Perovskiti più stabili grazie a una scoperta inattesa dei ricercatori svedesi
Un gruppo di ricercatori dell’Università di Tecnologia di Chalmers, in Svezia, ha fatto luce su un mistero che da anni accompagna i materiali perovskitici a base di alogeni, considerati tra i più promettenti per la prossima generazione di celle solari. Grazie a simulazioni avanzate e al supporto del machine learning, il team ha individuato una fase a bassa temperatura finora sconosciuta di uno dei composti più studiati, lo ioduro di piombo e formamidinio, capace di assumere uno stato definito “semi-stabile”. Una scoperta che potrebbe aprire nuove prospettive per l’efficienza e l’affidabilità di queste tecnologie energetiche.
Le perovskiti alogenuri hanno conquistato un ruolo di primo piano nel panorama delle energie rinnovabili negli ultimi vent’anni.
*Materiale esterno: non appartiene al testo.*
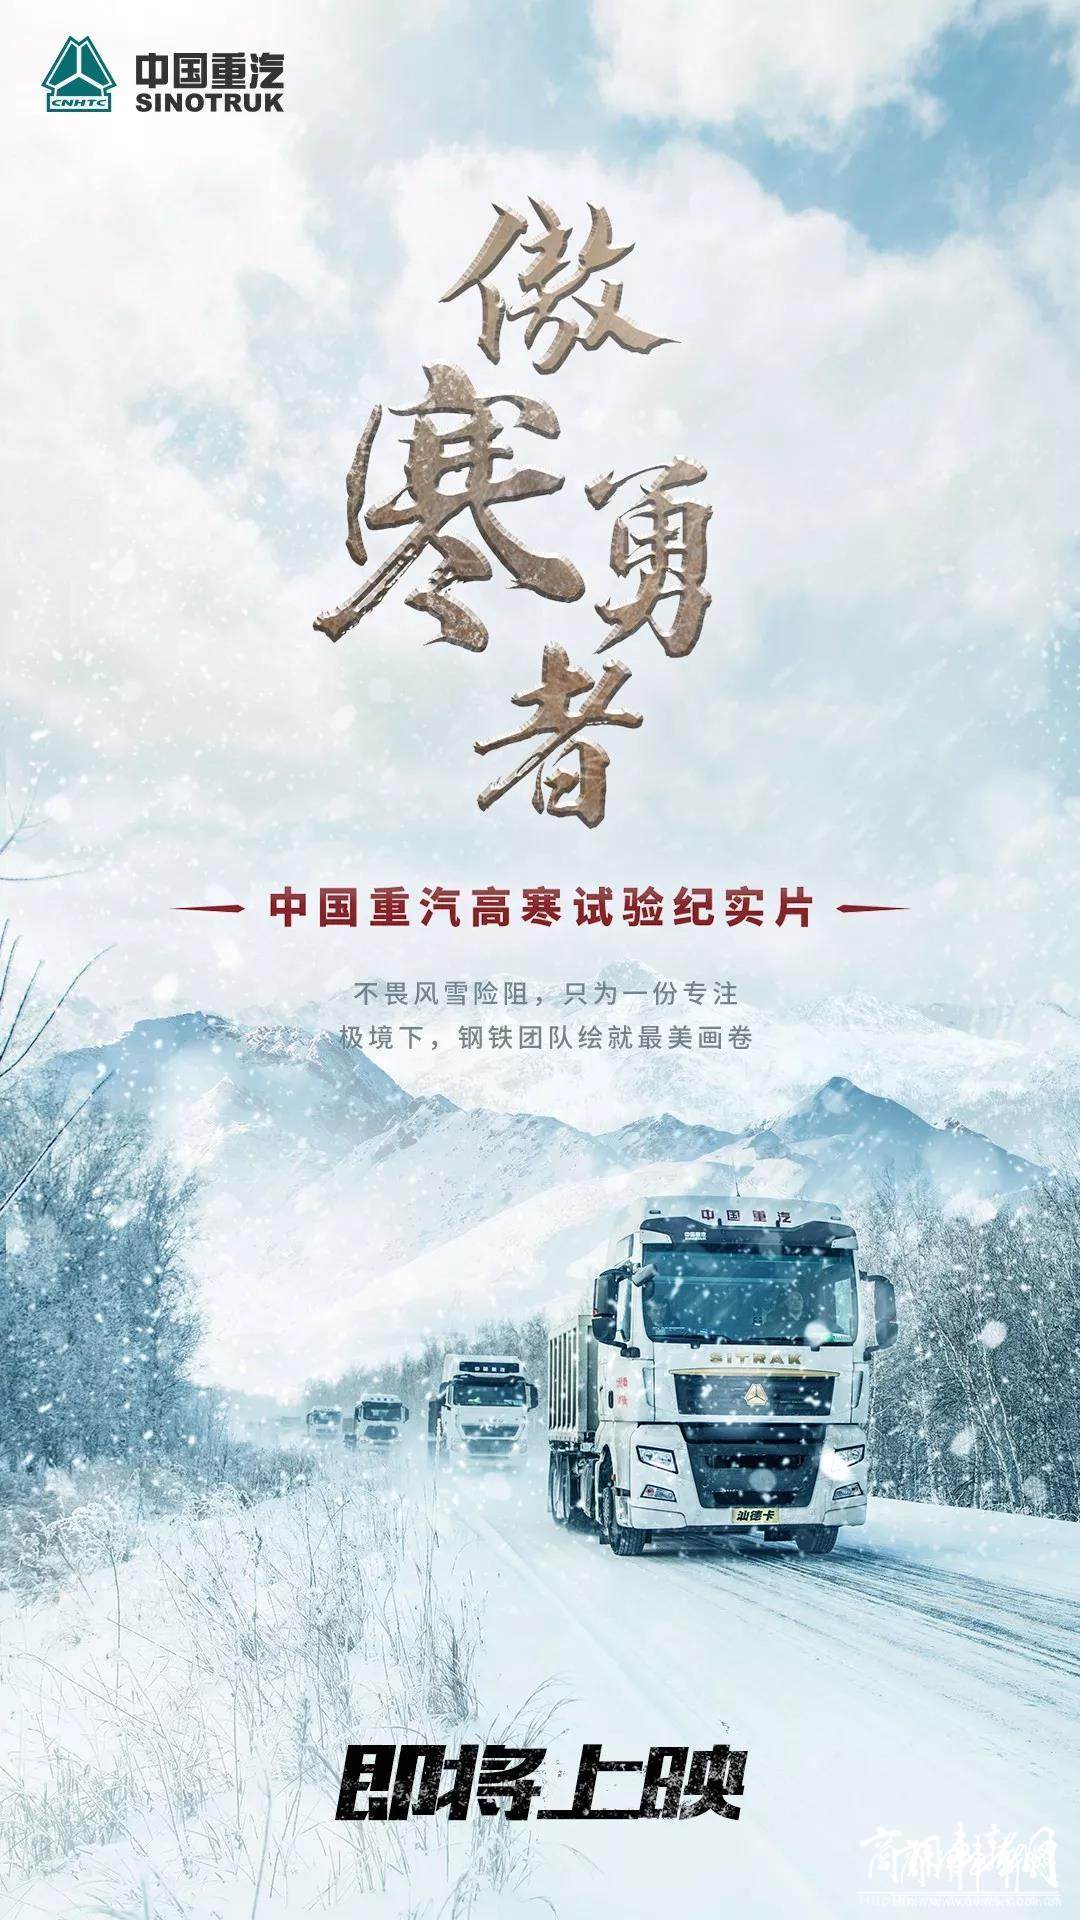 中国重汽高寒实验纪实片《傲寒勇者》即将上映

Leggere, versatili e dalle eccellenti proprietà ottiche, hanno spinto molti a definirle l’alternativa ideale al silicio per pannelli solari e dispositivi a LED. Tuttavia, la loro fragilità e i complessi meccanismi di degradazione ne hanno frenato finora la diffusione su larga scala. Lo ioduro di piombo e formamidinio, ad esempio, offre prestazioni straordinarie in laboratorio, ma soffre di instabilità strutturale che ne limita l’uso commerciale.
Il nodo era proprio la scarsa conoscenza del comportamento di questo materiale a basse temperature. Come ha spiegato la ricercatrice Sangita Dutta, il tassello mancante riguardava la struttura cristallina in condizioni estreme di raffreddamento.